Выбрать главу

Мария Плюханова

Роман Тименчик

Юрий Цивьян

Ю. М. Лотман
АУТСАЙДЕР ПУШКИНСКОЙ ЭПОХИ{1}

Лафатер в письме Карамзину однажды сказал, что друг и вообще другой необходим человеку для того, чтобы «am kräftigsten exestieren»  («сильнее существовать»). С точки зрения карамзиниста, быть — это видеть свое отражение; как выразился молодой Карамзин: «наслаждаться собой в сердце друга». Эта формула полна двойным смыслом: наслаждение есть самонаслаждение (а шире сказать — бытие есть самобытие — бытие в себе самом).

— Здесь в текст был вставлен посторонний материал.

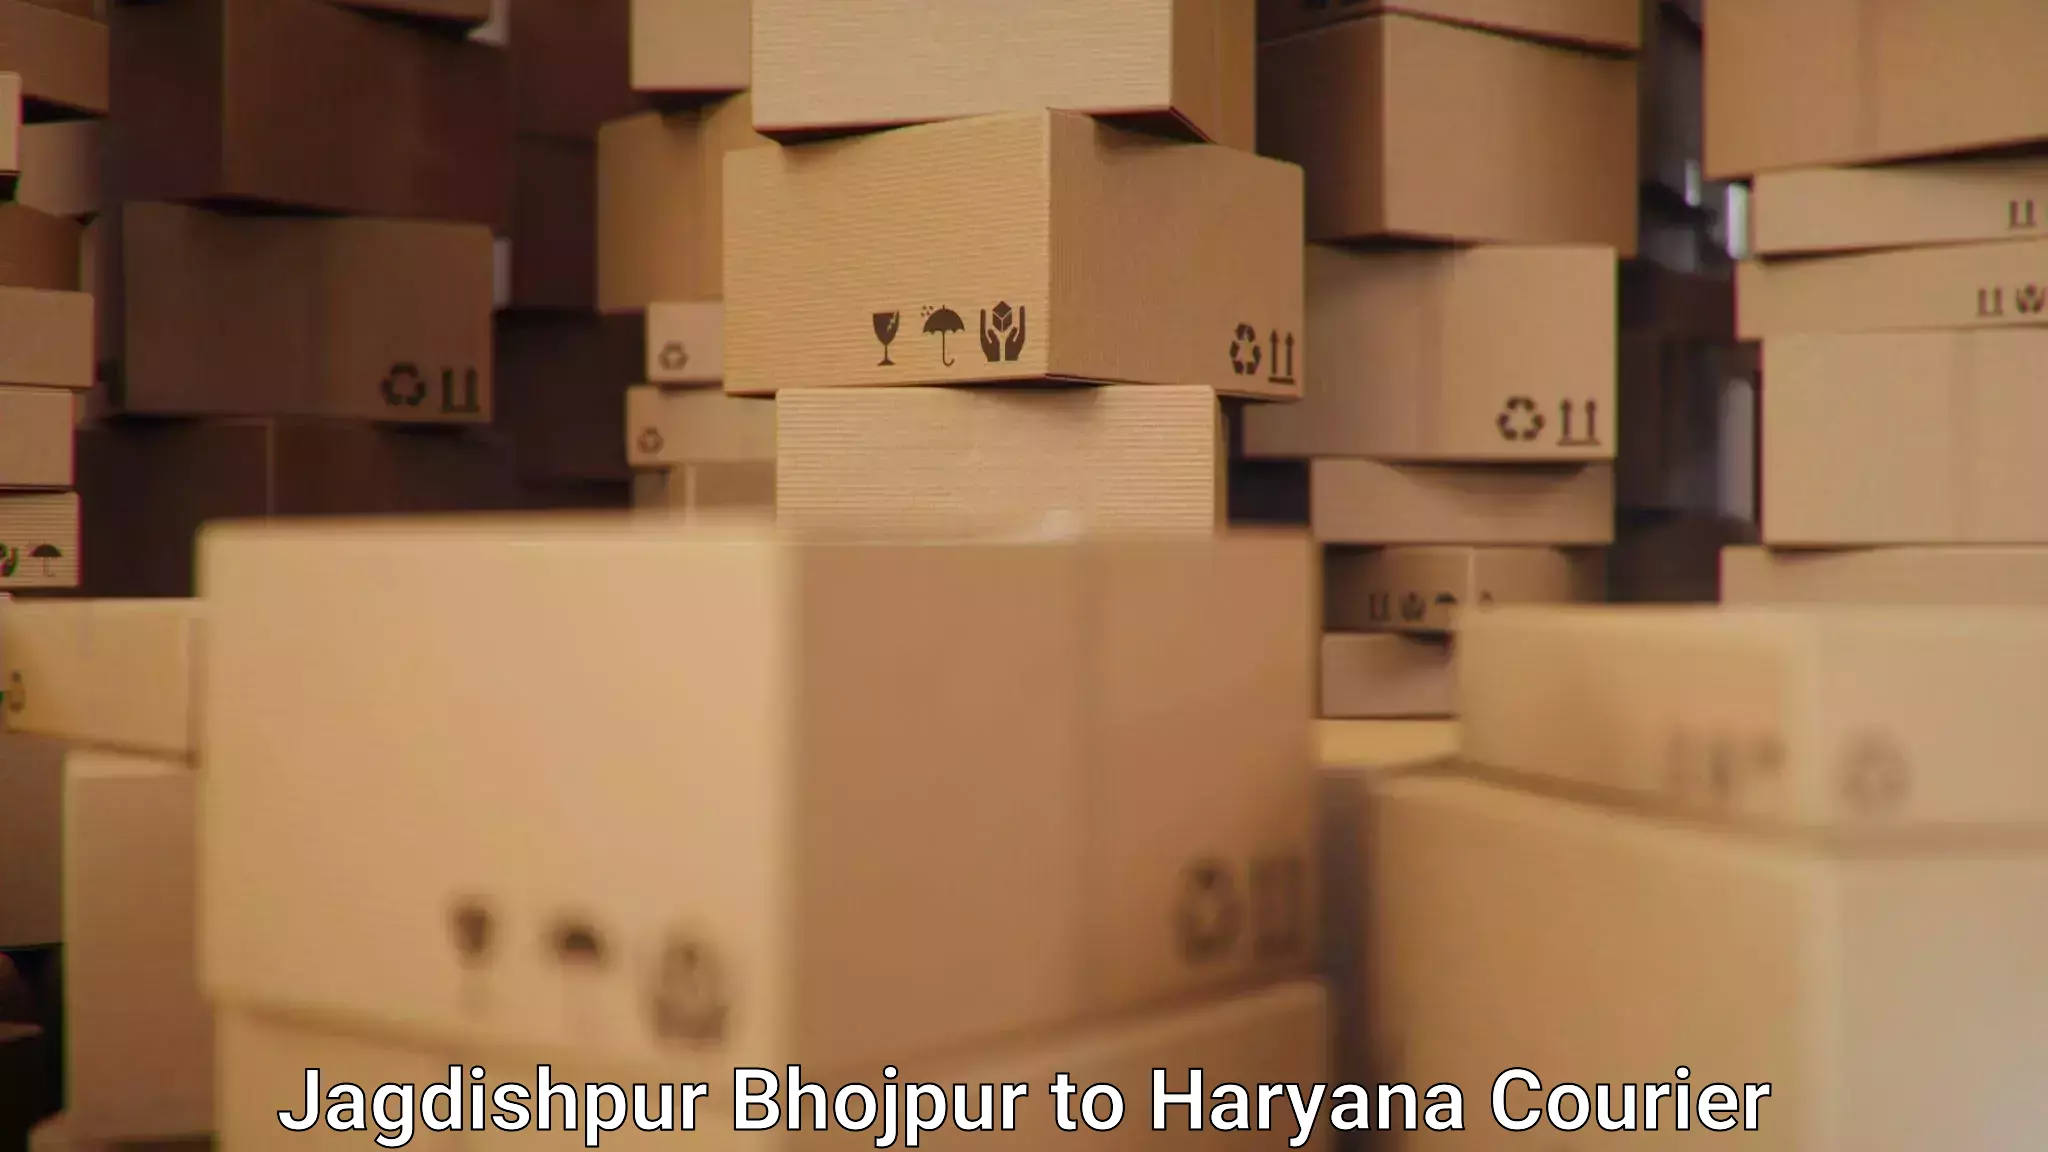 Flexible delivery scheduling in Jagdishpur Bhojpur to Haryana

Но для того, чтобы это самобытие стало ощутимой реальностью, оно должно быть экстраполировано в виде отражения в зеркале другой личности, то есть друг — это инструмент моего самовыражения и самопознания (формула эта вызвала потом гневную реплику Белинского, назвавшего подобного «друга» ямой, куда «я» сваливаю помойку .своей души).

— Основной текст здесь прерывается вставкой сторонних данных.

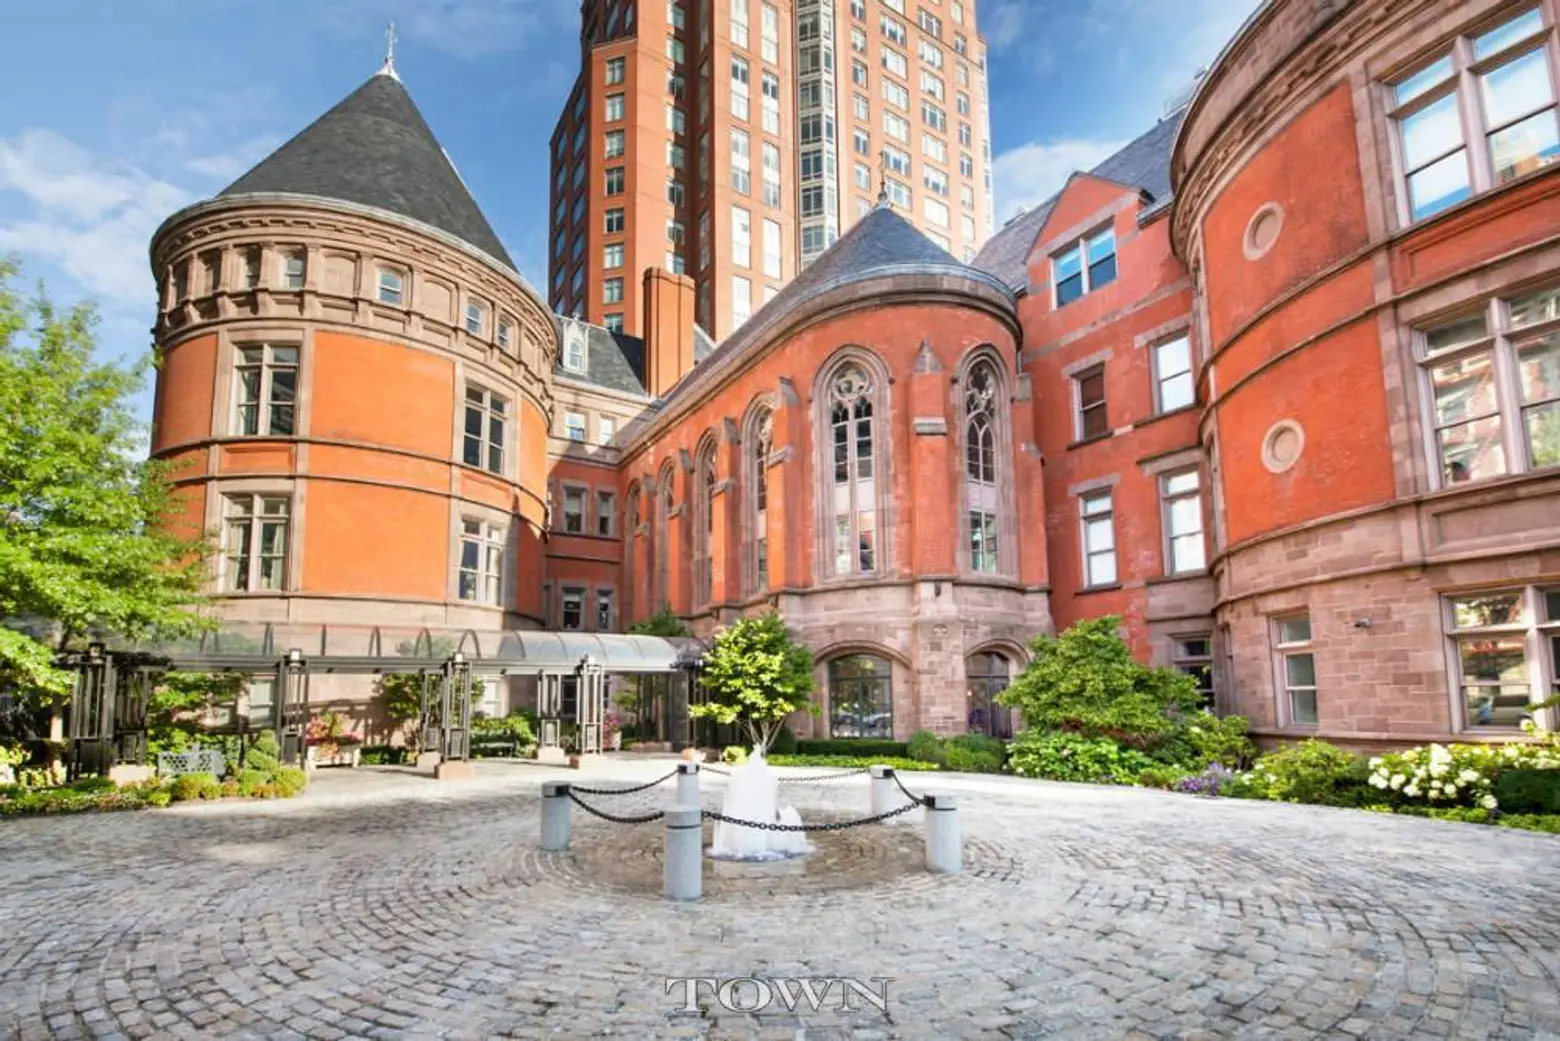 Live in a Landmarked Fairytale Castle With Round Rooms and a Storied Past for $10M

В этом смысле переписка Вяземского вдвойне характерна. Во-первых, это дружеская переписка. Таким образом, заранее подбирается набор родственных зеркал, которые должны высветить в личности Вяземского некие общие грани. Но друг — это зеркало, обладающее высокой индивидуальностью, и в нем высвечивается то, что в других зеркалах не находит себе отражения. Переписка Вяземского подхватывает эти «отражения», трансформирует их и снова направляет в зеркало дружеского эпистолярия. Таким образом создается система «зеркал в зеркалах», а набор этих систем должен воспроизвести бесконечное приближение к неповторимой индивидуальности самого Вяземского.

Итак, глубинная сущность реализуется в системе многочисленных вариантов. В этом смысле дружеская переписка Вяземского отмечена непрерывной игрой между повторяемостью и вариативностью отражений «зеркал в зеркалах». Принцип этот впервые был заложен в переписке московских масонов, подхвачен Карамзиным и Петровым и передан через карамзинистов арзамасцам. Но полнее всего он воплотился в эпистолярном наследии Вяземского. При этом эпистолярность сделалась как бы зеркалом самой личности Вяземского, в той мере, в какой личность превратилась в зеркало переписки («зеркало в зеркалах»).

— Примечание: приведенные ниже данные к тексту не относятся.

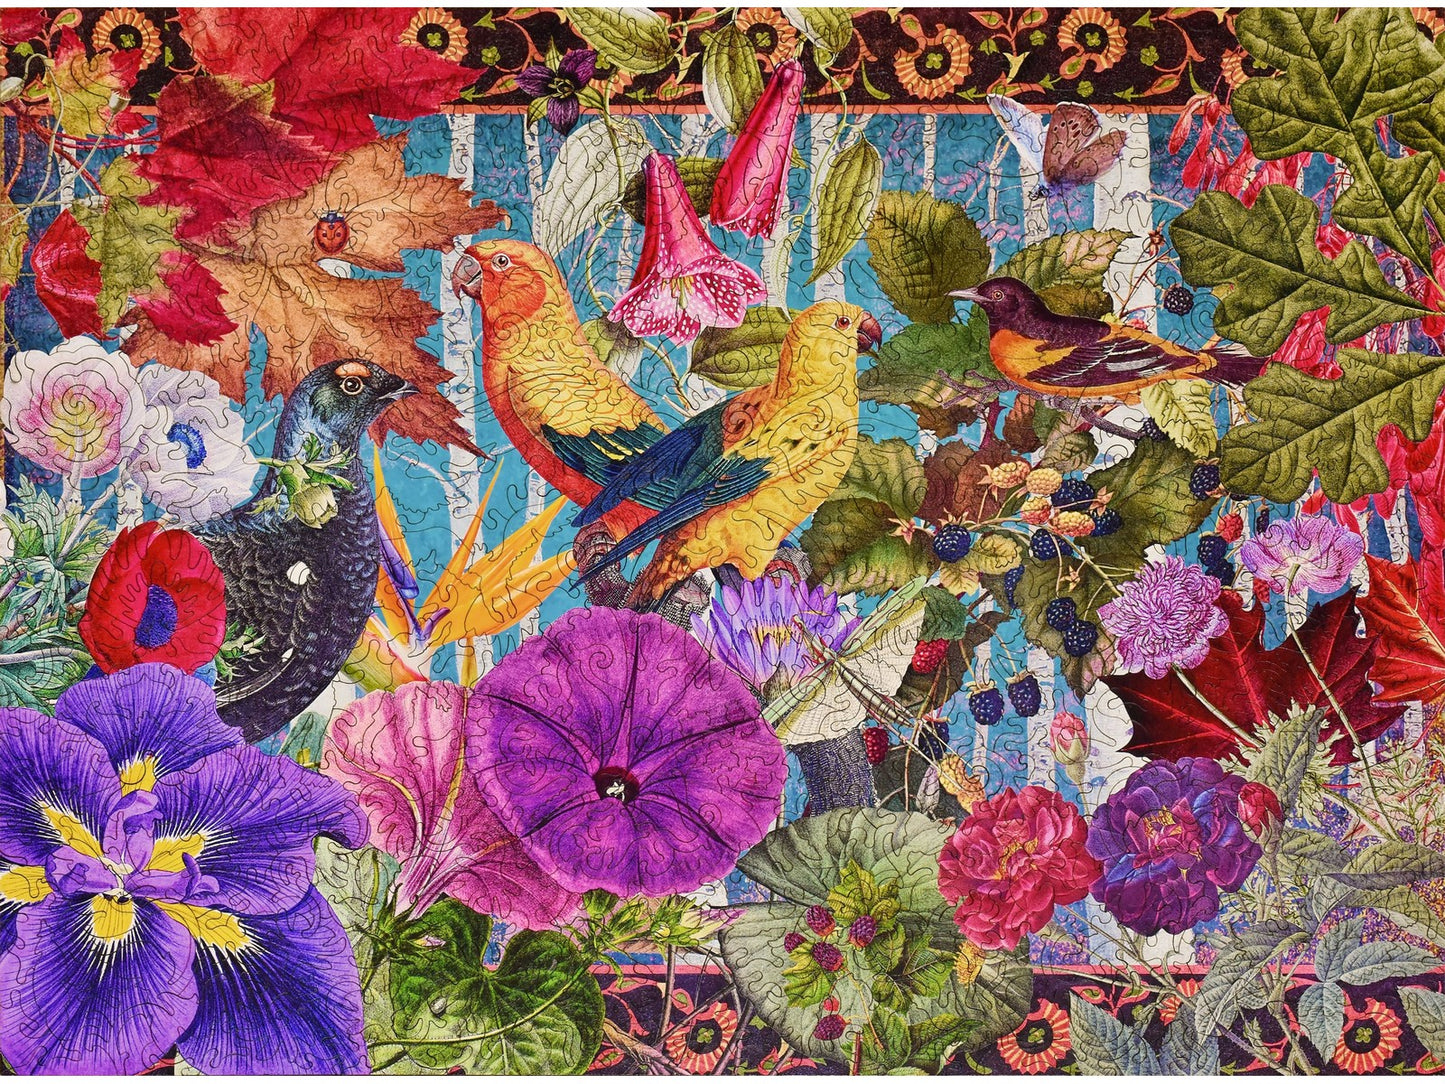 The front of the puzzle, Love Birds - Birds of Paradise, showing colorful birds and flowers.

Такой подход определял особую роль переписки в литературном наследии Вяземского: разница между личным, интимно-адресованным текстом и текстом общественным, обращенным к аудитории — то есть к определенной массе «чужих» и «других» людей — принципиально снималась. Текст (всякий текст, ибо иначе построенное объявлялось вообще не текстом) — сообщение, адресованное к себе через другого и к другому через себя. Эта двойная зеркальность понятий «я» и «он» и составляла своеобразие текста карамзинистов. Но по этой же модели складывались отношения между «я», адресатом письма (другом) и читателем.

В результате, письмо карамзиниста — это не интимный жанр, а литературное воплощение интимного жанра. Интимные письма пропитываются литературностью, а литературные — интимностью. Но это не только не снимает разницы между этими жанрами, а, напротив, делает функционально ощутимым их принципиальное различие.

Особая сложность отношения Вяземского к карамзинизму, отношения, соединявшего и лирическую связь и «насмешку горькую обманутого сына», в значительной мере бросала свое отражение на отношения Вяземского с Пушкиным. Пушкин сразу и решительно порвал нити, тянувшиеся к нему от поколения «отцов», и лично и литературно он очень остро воспринимал ту «дружбу», которую сам он определил как «покровительства позор». В этом смысле в пушкинской модели романтизма был еще один оттенок — бегство от навязчивости авторитетов на простор свободы не только политической, но и творческой. («Людей повсюду видя, их слабый разум ненавидя, в пустыню скрыться я хочу»). «Пустыня» — это не только свобода политическая и освобождение от деспотизма авторитетов, но и избавление себя от кривых зеркал и бесконечности самоотражений. Это как бы момент, когда карты сбрасывают со стола и игра начинается с начала.